10 Tips That Can Up Your Self-Defense Game and Make You Safer
Knowing how to fight and defend yourself can be a life-saving skill. But before it comes to that, there are some things you can do to make the environment around you safer, or at least minimize the risk of ending up in a dangerous situation. Such seemingly unimportant things, like how and where you park your car or what seat you choose on public transport, can actually work to your advantage.
We at Bright Side found some tips that might help make your everyday life a bit safer and also make you more aware of possible dangers. We hope you’ll find these tips useful.
1. Walk away from walls.
When you’re approaching a blind corner, create some space between yourself and the wall. This will give you more time to make smart choices if there’s someone waiting to attack you. You might also be able to notice them before they do anything and give you an opportunity to run away. Always be aware and look around to check for possible danger.
2. Park your car in reverse.
In a parking lot, back into the spot when you arrive. You’ll be calm and you’ll have enough time to get out of it later on. In contrast, there could be a situation when you need to leave in a hurry, possibly stressed and scared, and it’ll be harder to do if you’re parked head-in.
3. Know where to park.
As difficult as it might be to find a free parking space, it could be worth it to spend a little extra time trying to find a safe spot. Choose a space that is well-lit. This will make it less likely for someone to choose you as their target because it’s easier to hide if it’s dark and you can’t see your car or what’s behind it very well.
4. Check your car.
Before you enter your car, check everywhere around it from a distance to make sure that no one is hiding there.
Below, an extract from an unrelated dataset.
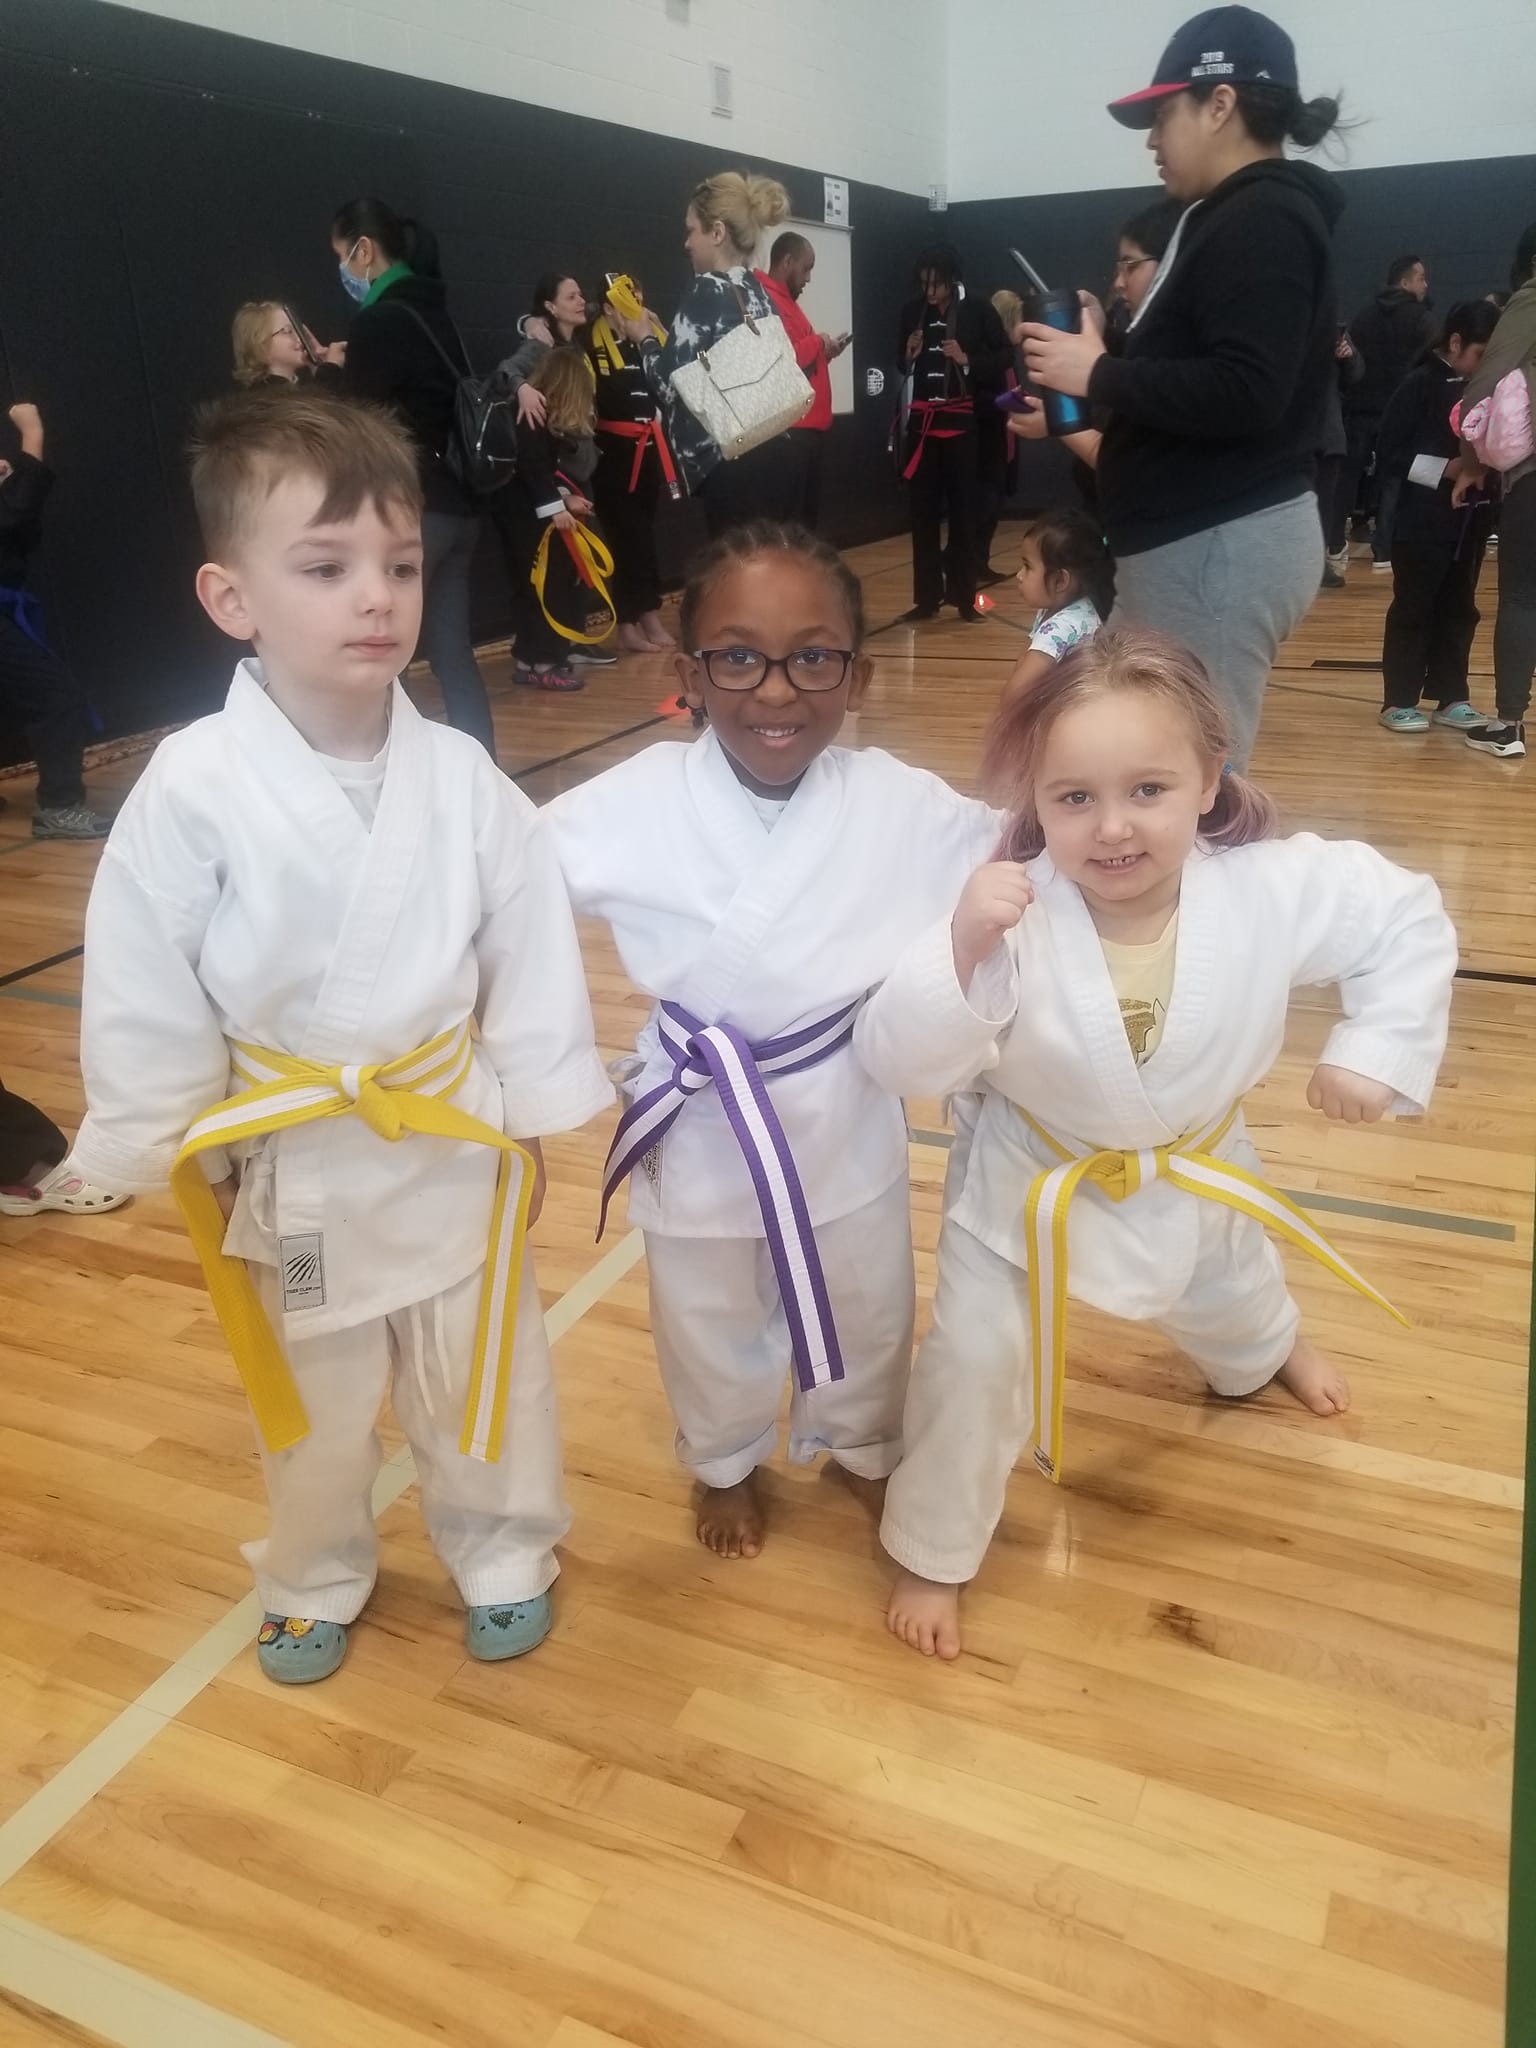 academy of kempo martial arts kids building confidence and focus through training.

Also, don’t forget to bend down and check under your car. Once you’re done with the outside, make sure to check the inside too.
5. Carry a flashlight.
Keeping a powerful flashlight in your purse can come in handy in different situations. For example, if you’re walking somewhere at night, a flashlight is a better option than the light on your phone if you want to light the way. Firstly, a flashlight is less appealing to robbers than your phone. Secondly, if someone attacks you, you can use the flashlight to hit the attacker or to signal for help when you can’t yell or make a phone call.
Apart from that, a flashlight can be used to blind the attacker and give you time to run away. That’s why when you’re staying at a hotel, it’s always a good idea to keep a flashlight next to your bed.
6. Ask workers not to announce your room number.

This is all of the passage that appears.